Data shown section start

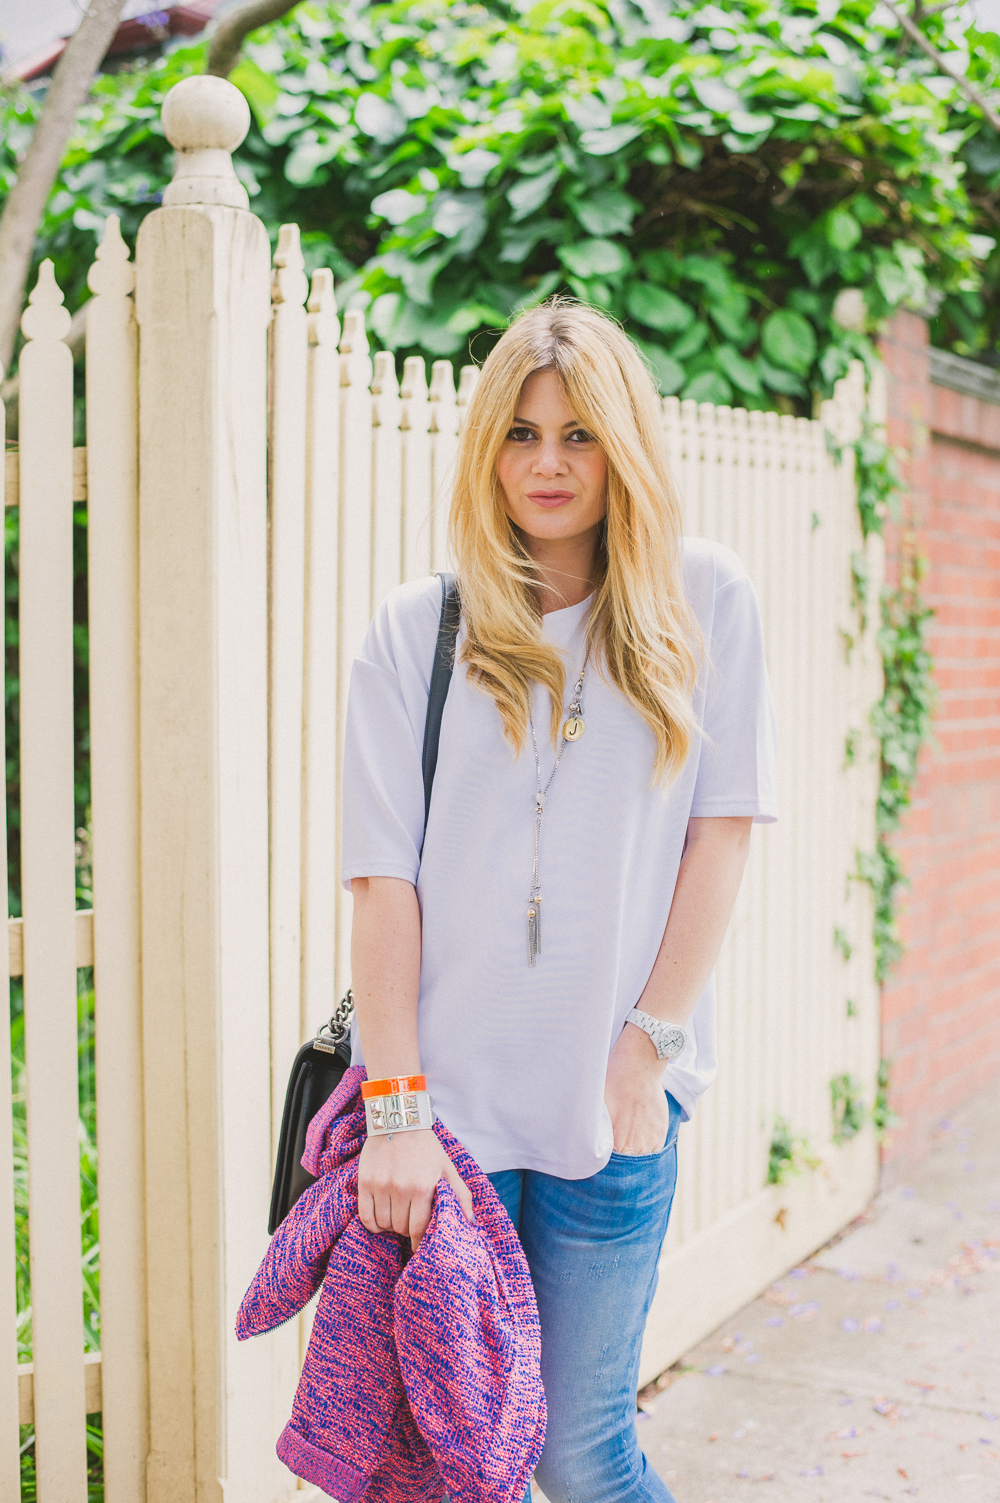 Australian Fashion Blog, Melbourne Blogger & Stylist - What Would Karl Do
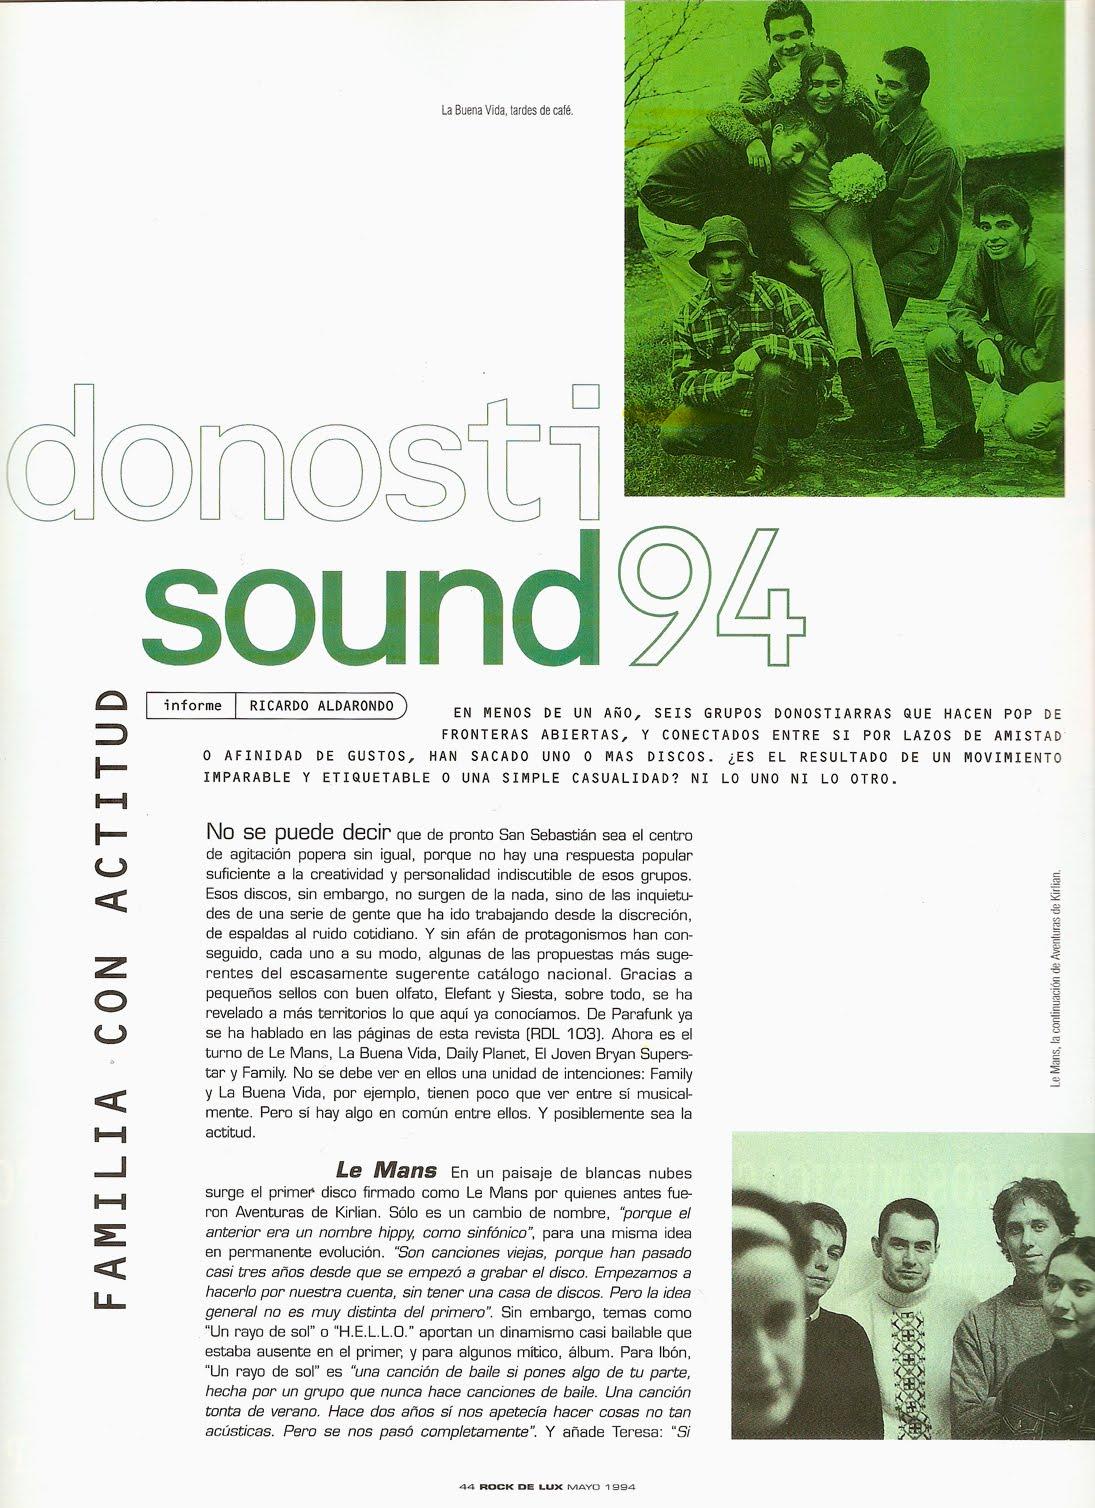 Donosti Sound - Family, La Buena Vida, Le Mans, Aventuras de Kirlian Informe-donosti-sound-rockdelux-108-mayo-1994-1
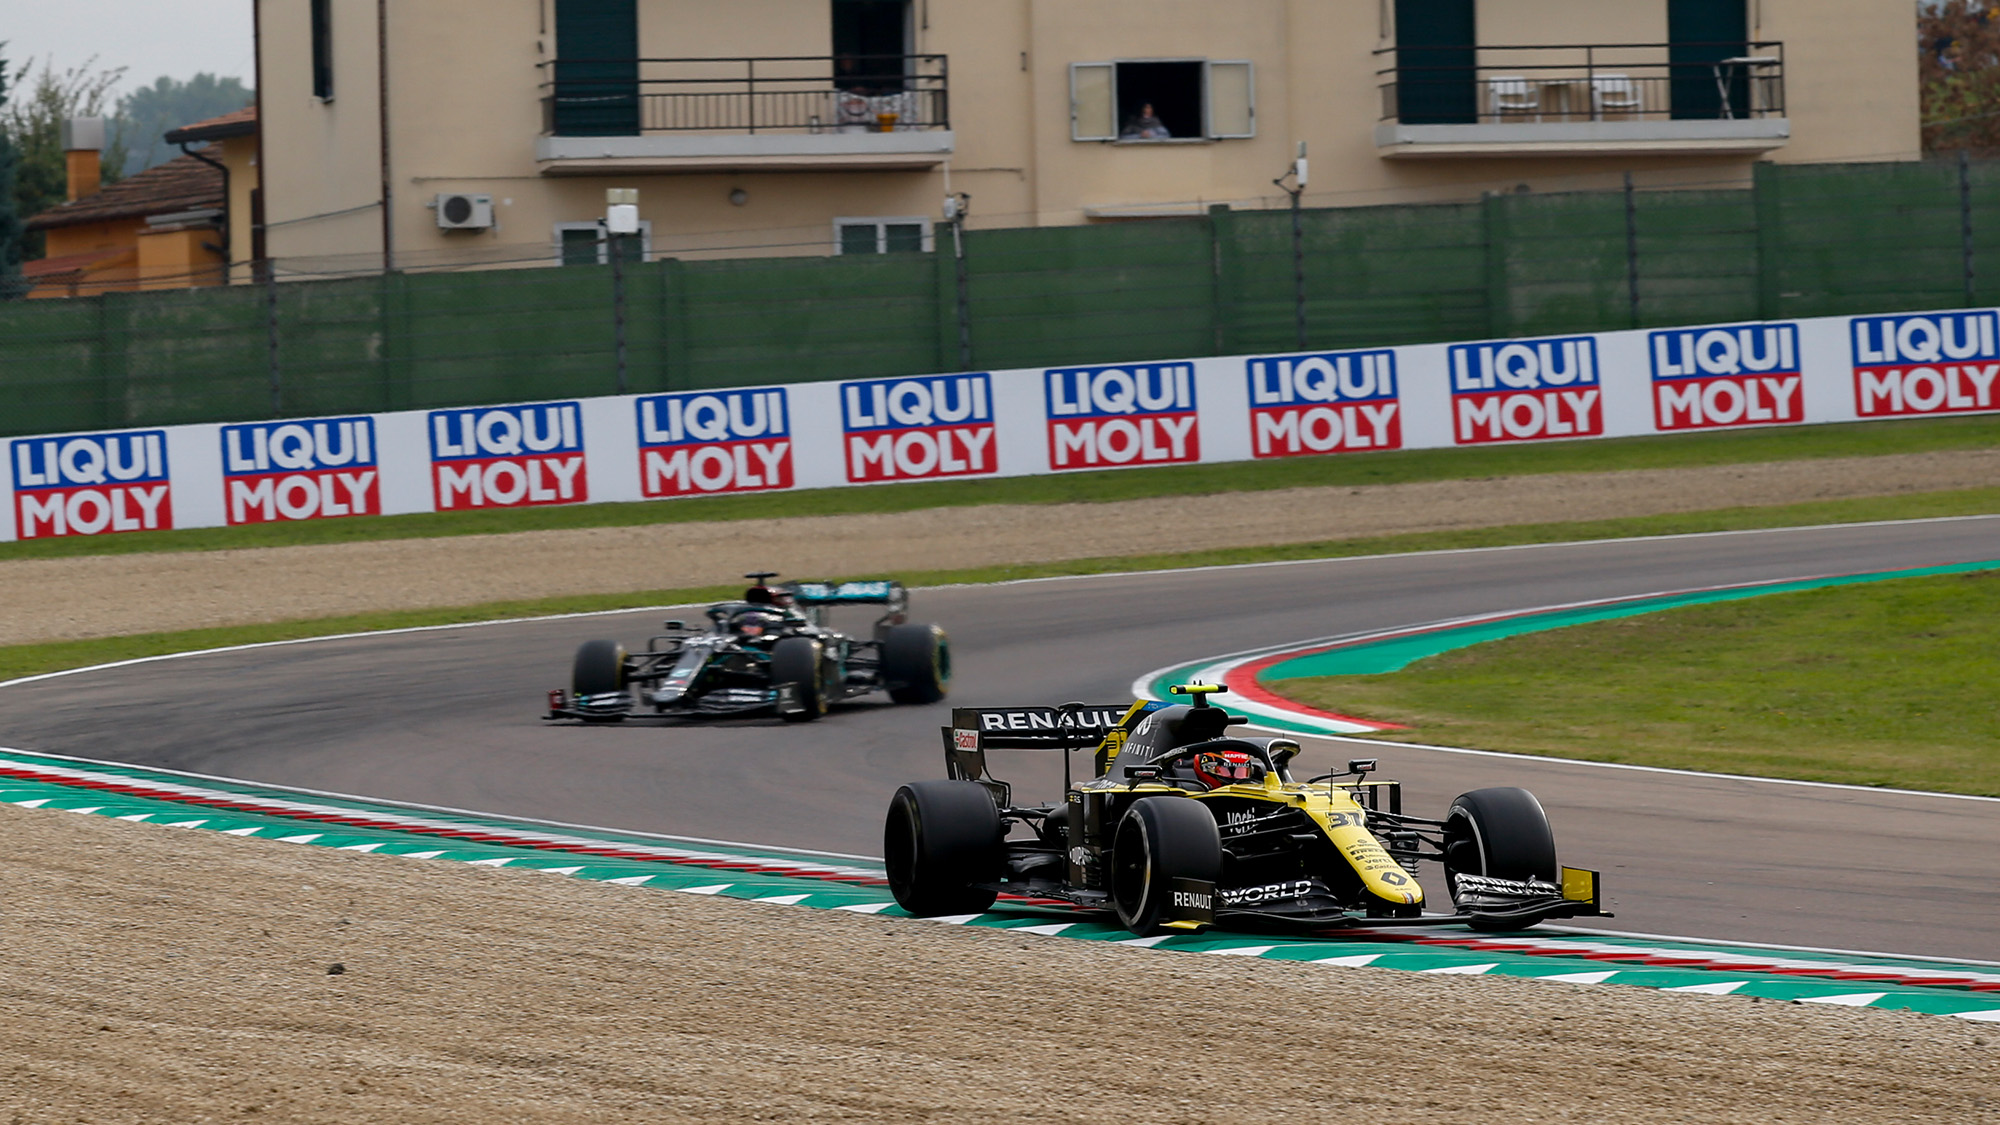 Lewis Hamilton comes up to lap the renault of Esteban Ocon at the 2020 F1 Emilia Romagna Grand Prix

Data shown section end

■ About this task ■
Wherever the listing shows a picture, omit it and output the rest exactly as given.

■ Answer section ■
 Australian Fashion Blog, Melbourne Blogger & Stylist - What Would Karl Do
 Donosti Sound - Family, La Buena Vida, Le Mans, Aventuras de Kirlian Informe-donosti-sound-rockdelux-108-mayo-1994-1
 Lewis Hamilton comes up to lap the renault of Esteban Ocon at the 2020 F1 Emilia Romagna Grand Prix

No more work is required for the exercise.